Knut Hovel Heiaas

Personal information
- Date of birth: 21 April 1977 (age 49)
- Place of birth: Enebakk, Norway
- Height: 1.81 m (5 ft 11+1⁄2 in)
- Position: Striker

Team information
- Current team: Strømmen
- Number: 11

Youth career
- Enebakk IF

Senior career*
- Years: Team / Apps / (Gls)
- 1995–1999: Strømmen
- 2000–2002: Vålerenga / 38 / (8)
- 2003–2004: Hønefoss / 27 / (7)
- 2005–2006: Moss / 30 / (1)
- 2006: → Hødd (loan) / 17 / (4)
- 2007–2008: Drøbak/Frogn / 7
- 2009: Strømmen
- 2010–2011: Nesodden / 3
- 2014-2017: Driv / 30 / (30)
- 2021: Enebakk / 1 / (1)
- 2024: FK Union Carl Berner / 1 / (1)

= Knut Hovel Heiaas =

Norwegian footballer (born 1977)

Knut Hovel Heiaas (born 21 April 1977) is a retired Norwegian football striker, who was known for his speed on the first 20 meters.

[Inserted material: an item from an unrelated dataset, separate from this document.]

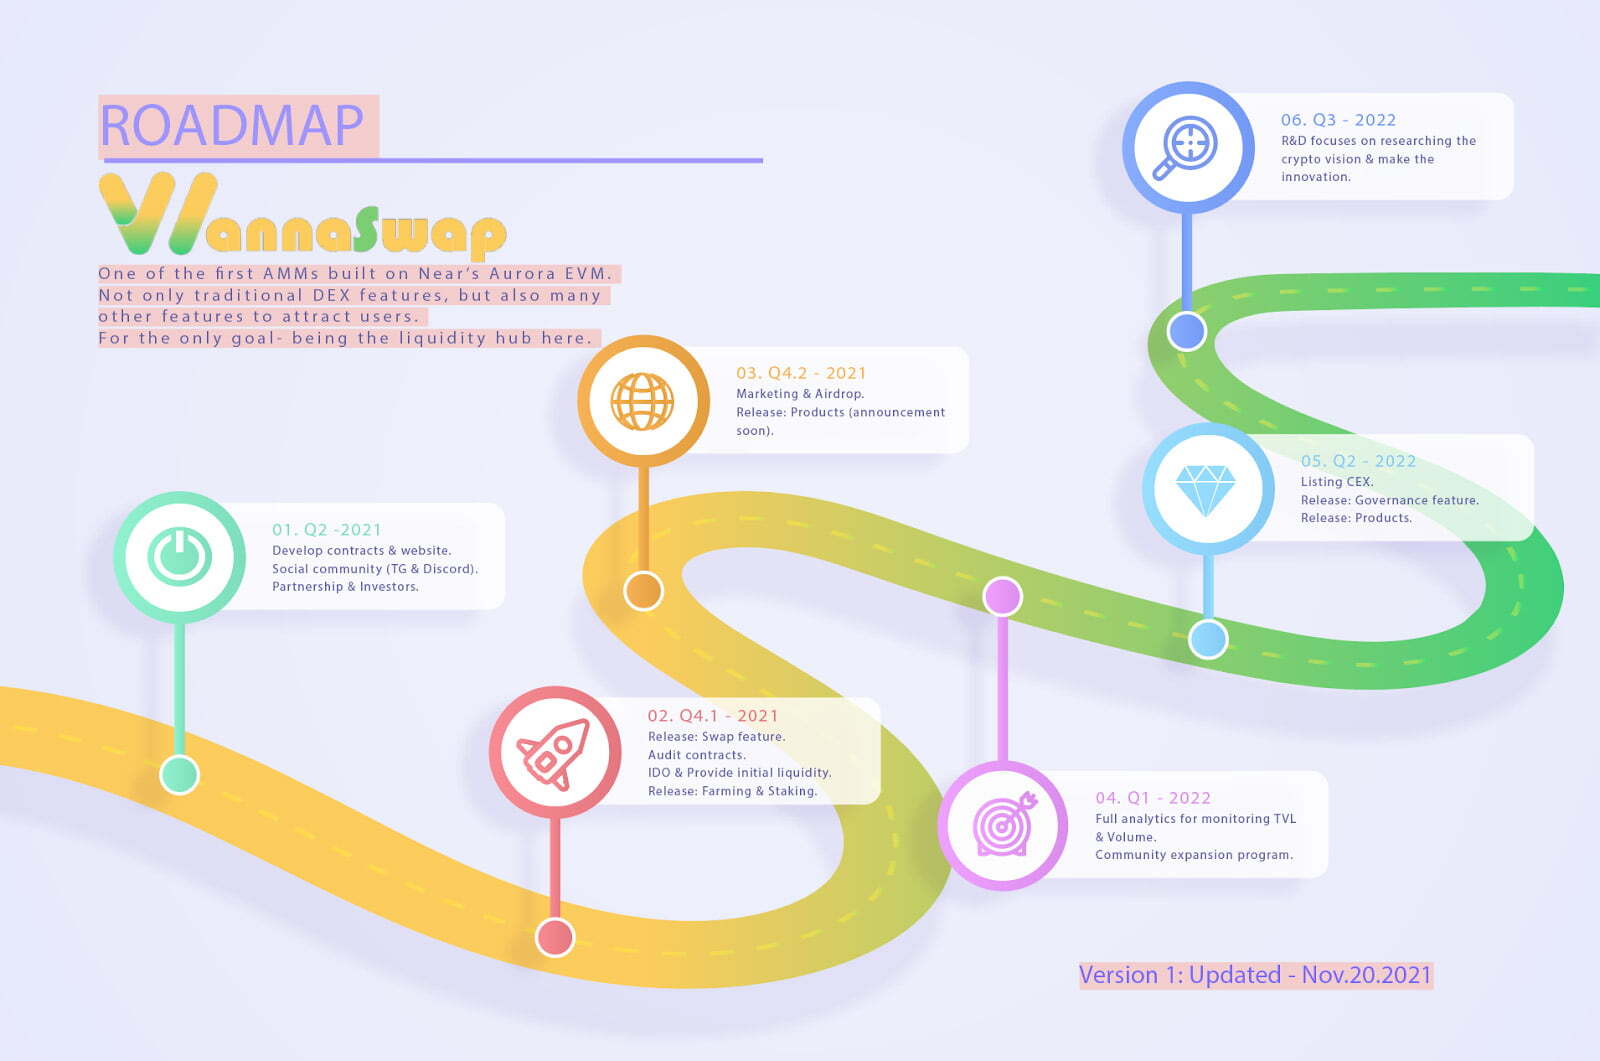 Roadmap WannaSwap

He hails from Dalefjerdingen. His first senior club was Strømmen, where he played from 1995 to 1999. Ahead of the 2000 season he joined Vålerenga IF, where he got five Norwegian Premier League games in 2000 and fourteen in 2002. After the 2002 season he joined Hønefoss BK. At the same time he rejected Moss FK, but he joined this club two years later. In late 2006 he spent time on loan at IL Hødd, and ahead of the 2007 season he moved permanently to Drøbak/Frogn IL. In 2009, he returned to his old club Strømmen. After the season, he went on to Nesodden IF.

== Norwegian Goal-Scoring Record ==
Heiaas is the only player to have scored in all divisions of the Norwegian Football League after his goal for FK Union Carl Berner May 31, 2024.

The feat will be commemorated at the Norwegian National Arena, Ullevål Stadion on October 10, 2024, by the Norwegian Football Federation.